On the section 33 application there is no right answer.

that the Applicant will be adequately protected by a prohibition on the Respondent entering the Applicants bedroom, or simply by a non molestation order with a power of arrest. Others might say that if the Respondent is the worse for drink there is more

likely to be a breach of the order, there is a threat of serious violence and leaving the parties under the same roof does not provide sufficient protection for the Applicant. The Respondent has somewhere to go for a few days so the balance is in favour of a short immediate ouster with a return date as soon as practicable. Remind your syndicate that if the return date is less than two clear days you will need to make an order abridging the time for service, otherwise the return date will not a proper on-notice hearing.
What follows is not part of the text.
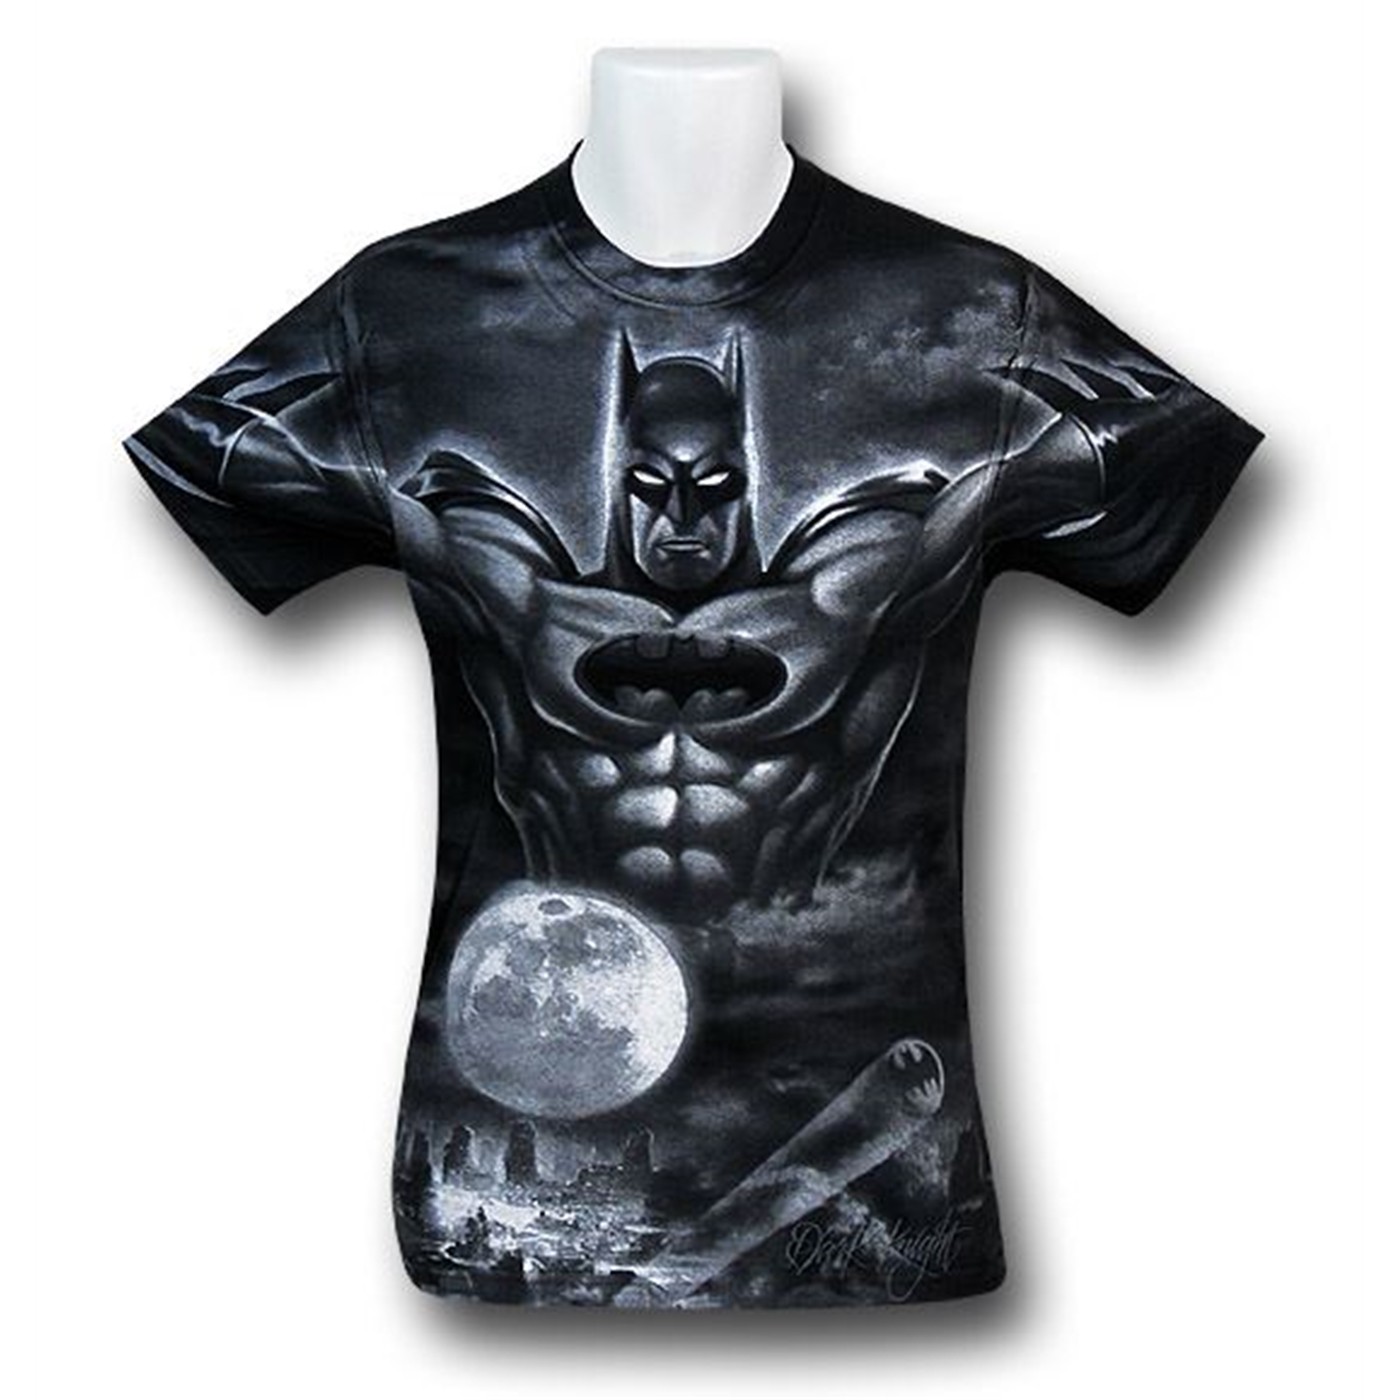 Batman t. Бэтмен т ширт. Batman t Shirt. Темный рыцарь футболка. Футболка Бэтмен.

On the section 42 application there is a clear threat of serious violence and clear evidence of harrassment so the Applicant is entitled to a non molestation order (a) prohibiting the use or threat of violence with a p.o.a. and (b) a separate clause prohibiting the harassment by attending at the Applicants place of work with p.o.a. Stress the point about not putting p.o.a.s on general non molestation orders in order to avoid HRA Article 5 problems. Q.2. The case obviously requires a swift return date. How swift will depend on the order made. A full ouster clearly requires a very short return date 2/3 days. No ouster at all also requires a very short return date 2/3 days abridging time for service if necessary. A partial ouster might benefit from a slightly longer return date say 7/10 days to allow the Respondent time to prepare properly for the hearing and avoid an abortive hearing on the first inter partes hearing. There will always be a tension between a swift return date and the need to allow parties adequate time to prepare for what may be a rather more complicated case that appears from the initial papers. Qs.3. and 4 There should be no difficulty about granting the adjournment. The Respondent clearly needs time to prepare but the question is now more difficult in that you are dealing with an application which has been properly served, where one party is asking for urgent relief and the other party wishes to contest the facts. It is suggested that the proper approach is to make clear to the Respondent that the case has not yet finally been

judged, that a final decision will not be made until the judge has heard both sides, but until the next hearing the Applicant is entitled to some protection. With both parties in front of you it may well be appropriate to make an interim order at least giving the applicant a zone of safety in the house. To avoid the appearance of prejudging the case it might be sensible to give each party a zone of safety within the house, particularly if you do not make a temporary full ouster order. Section 40 orders are legally possible but cannot be enforced . Full timers may be asked to share their experience whether they are in fact being requested to make these orders in the light of Nwogbe . There is a wide divergence of judicial opinion on the merits of partial ousters. Impose a time table for the service of witness statements so that the next hearing will be effective, allowing the Applicant the chance to reply by statement if so advised. Q.5. This kind of polite blackmail is by no means uncommon. Some gentle banging together of heads is certainly to be encouraged but if parties are not prepared to compromise, you can and should make an interim non-molestation order in favour of the Applicant to last until the final hearing. On the facts you can hardly refuse this application. .Stress that undertakings can never be imposed against a partys will.and powers of arrest cannot be attached.